COMP3630 / COMP6363
week 10: Other Complexity Classes
This Lecture Covers Chapter 11 of HMU: Other Complexity Classes
slides created by: Dirk Pattinson, based on material by
Peter Hoefner and Rob van Glabbeck
convenor & lecturer: Pascal Bercher
The Australian National University
Semester 1, 2023
Content of this Chapter
The classes PSPACE, NPSPACE, and their co-classes
The classes EXPTIME and NEXPTIME
PSPACE vs. NPSPACE (Savitch’s Theorem)
Relationship among these (and other) classes
Additional Reading: Chapter 11 of HMU.
Pascal Bercher week 10: Other Complexity Classes Semester 1, 2023 2 / 11
The classes PSPACE, NPSPACE, and their co-classes
Polynomial Space
Definition 11.1.1
A Turing machine M is polyspace bounded if there is a polynomial p so that for all inputs
w , M never uses more than p(|w |) tape cells when started with w .
Note.
∠ For deterministic machines, this refers to the unique computation path.

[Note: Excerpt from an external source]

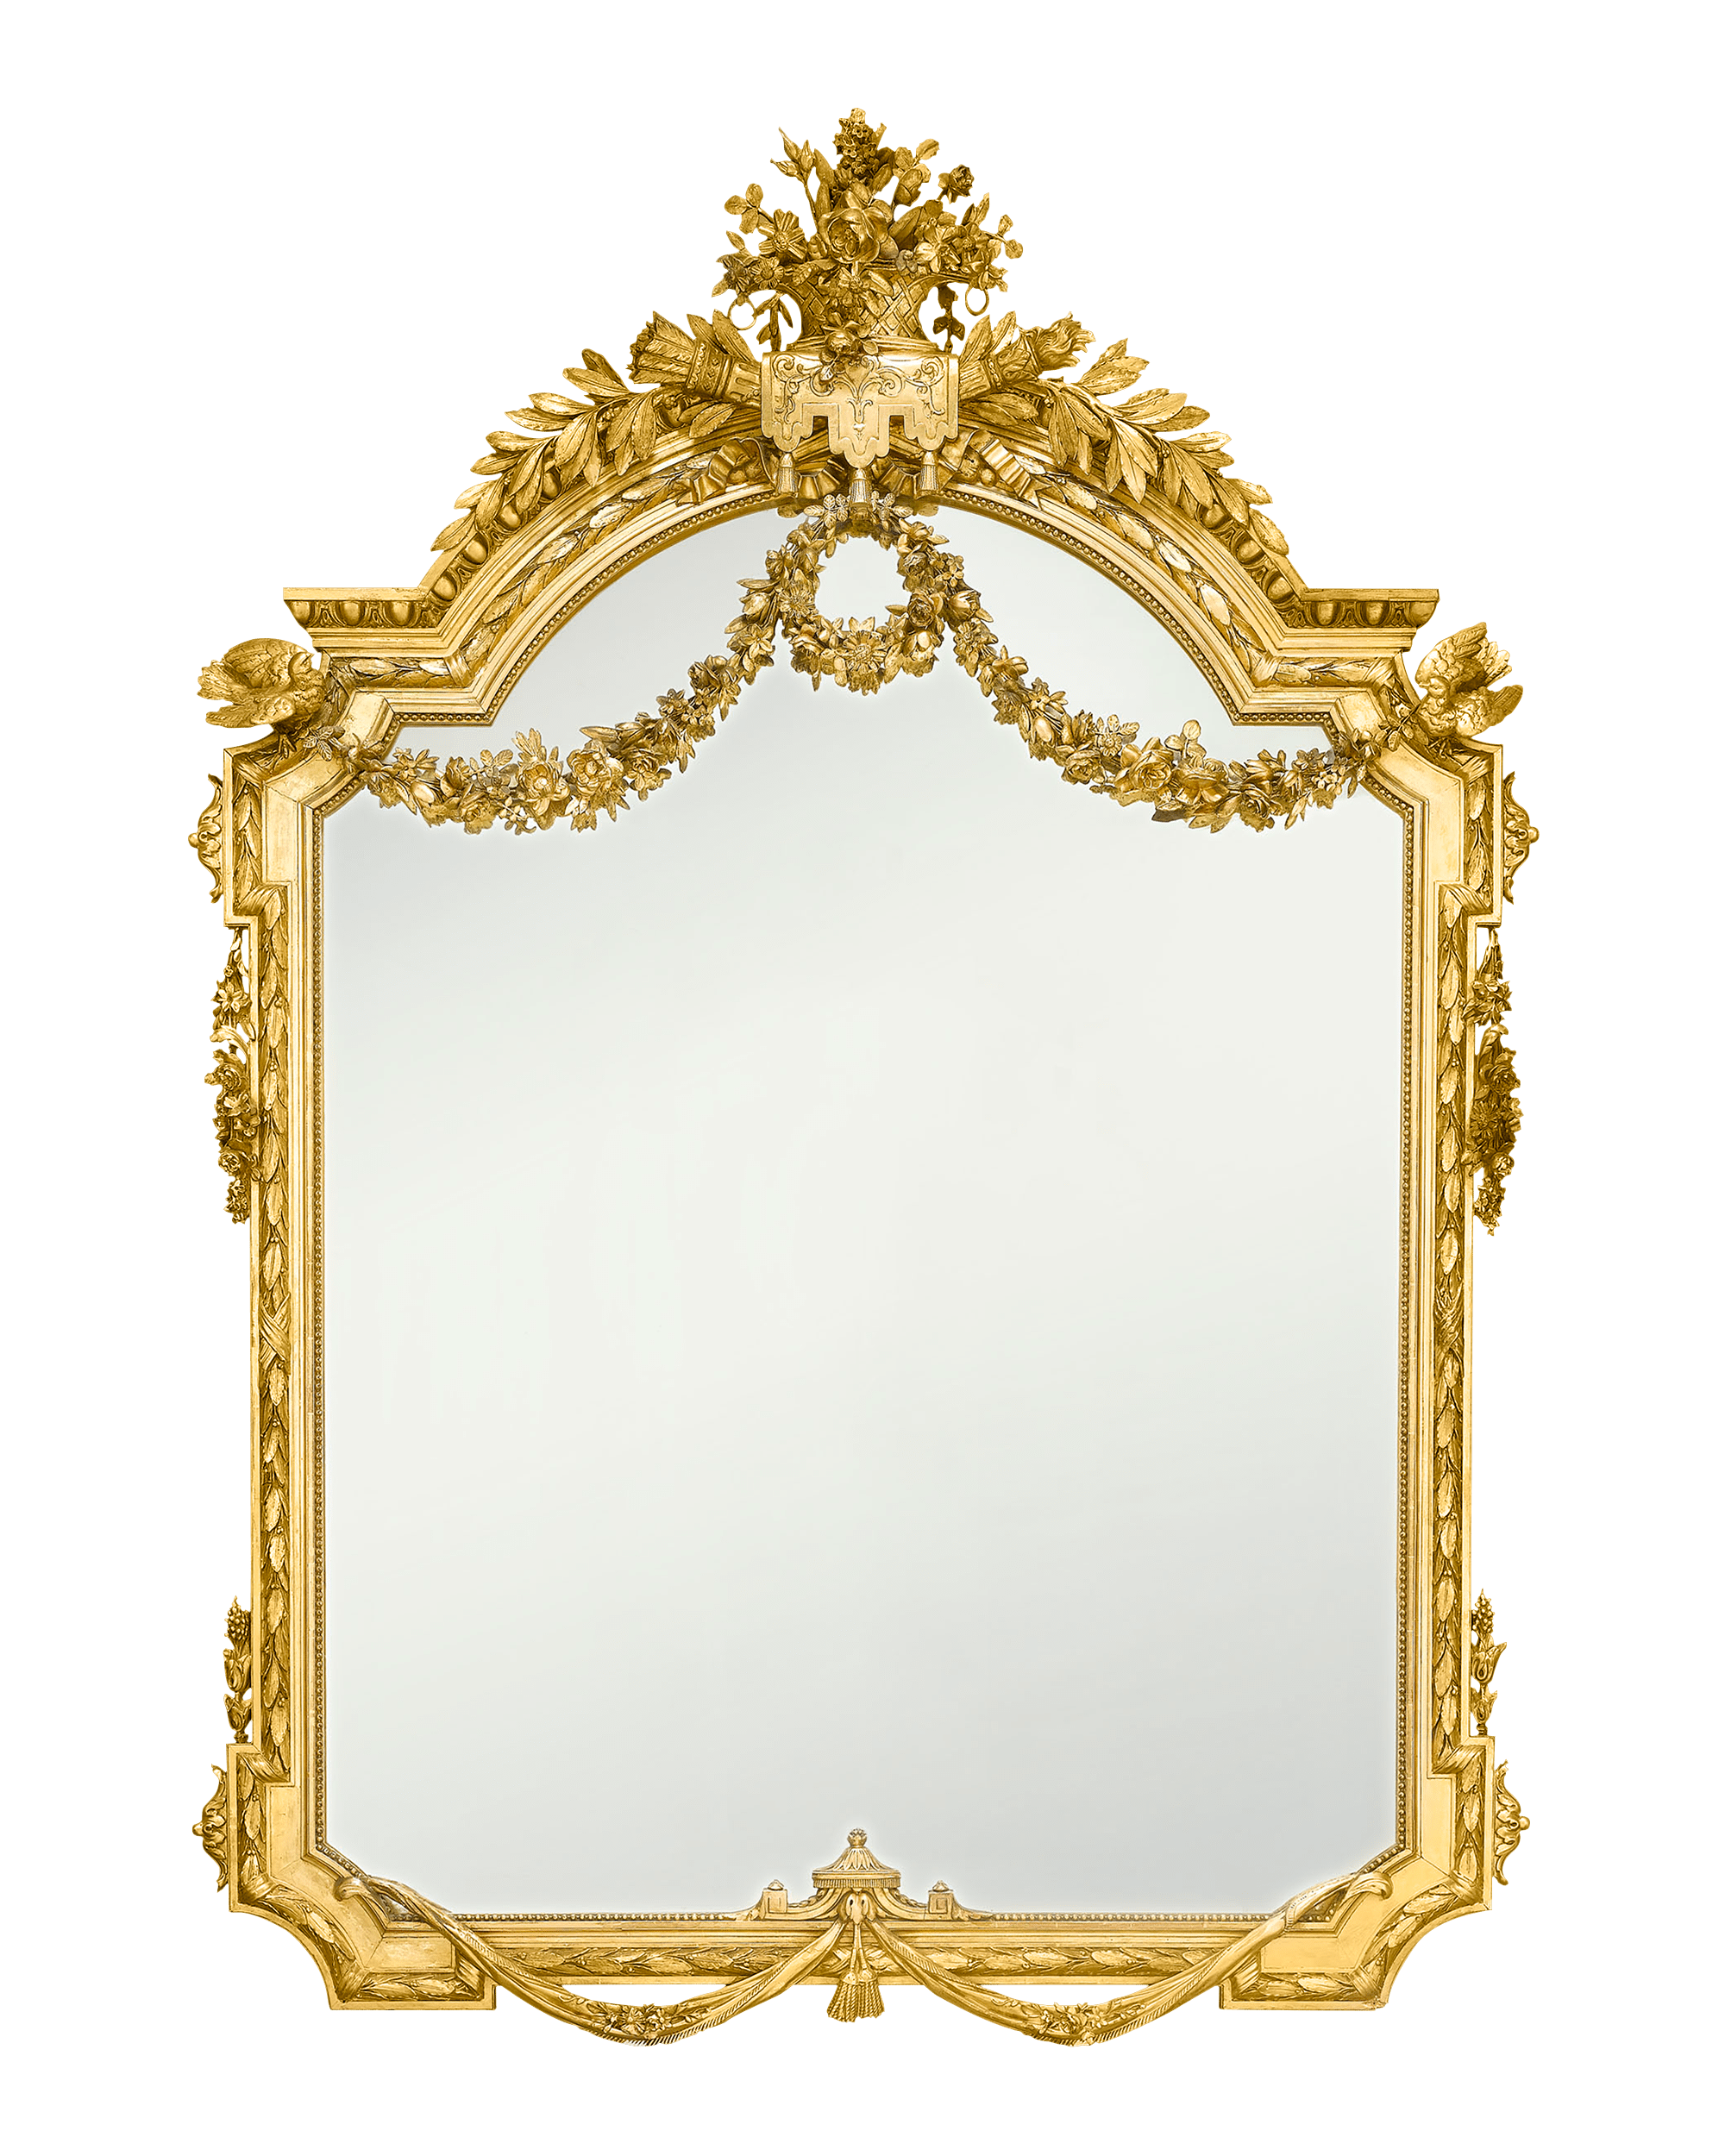 This Napoleon III mirror is an exceptional example of Second Empire grandeur
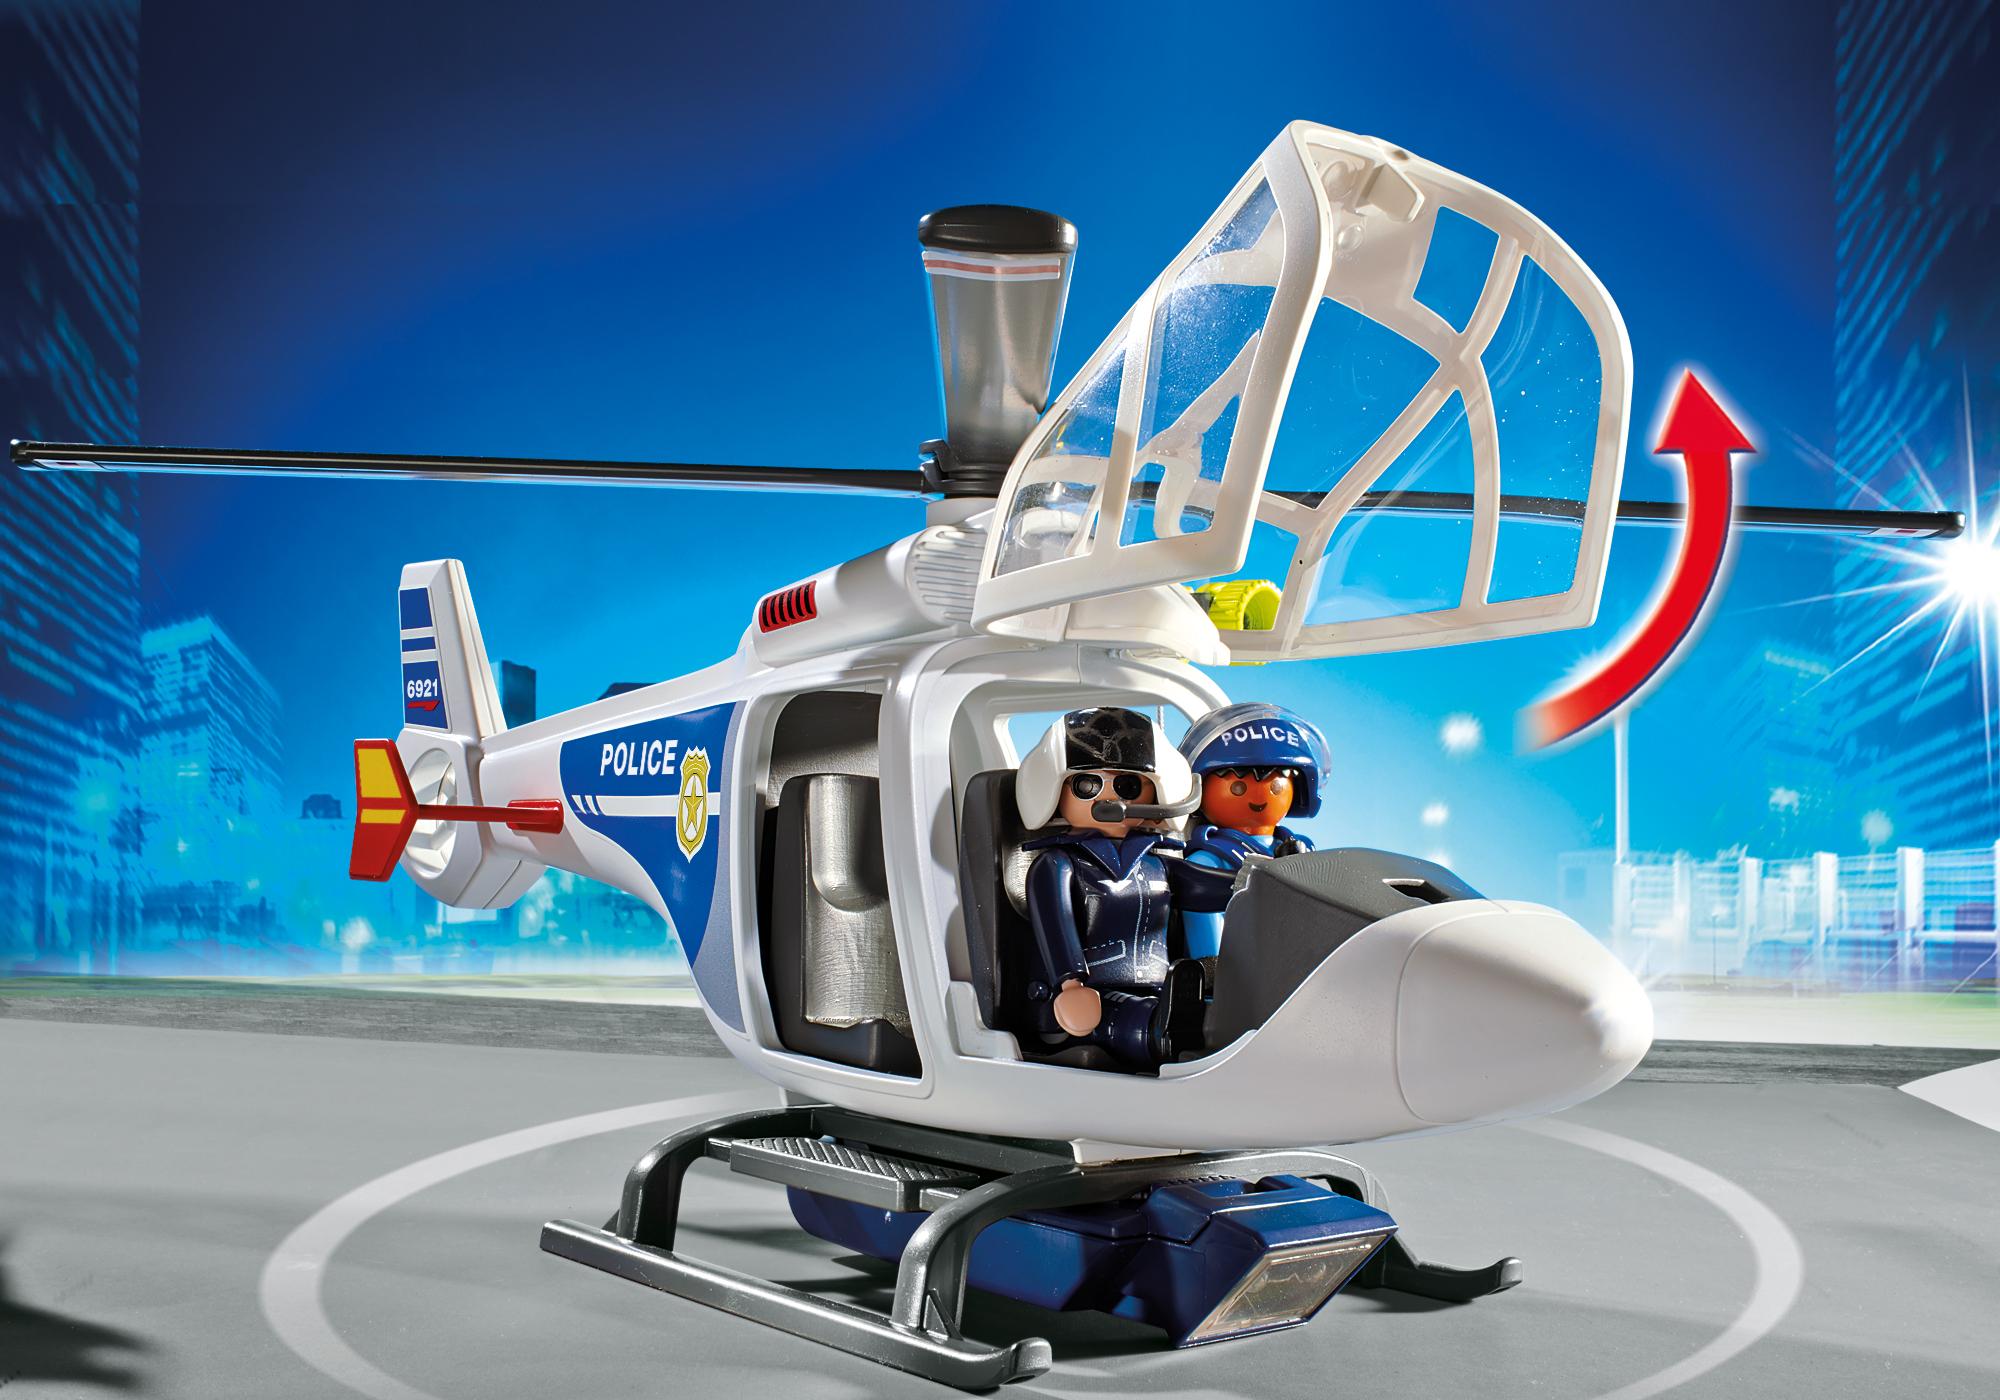 helicoptere police playmobil 6921

∠ For non-det. machines, this refers to all computation paths starting with input w .
Definition 11.1.2
The class PSPACE is the class of languages L such that L = L(M) for a polyspace
bounded deterministic Turing machine.
The class NPSPACE is the class of languages L such that L = L(M) for a
polyspace-bounded non-deterministic Turing machine.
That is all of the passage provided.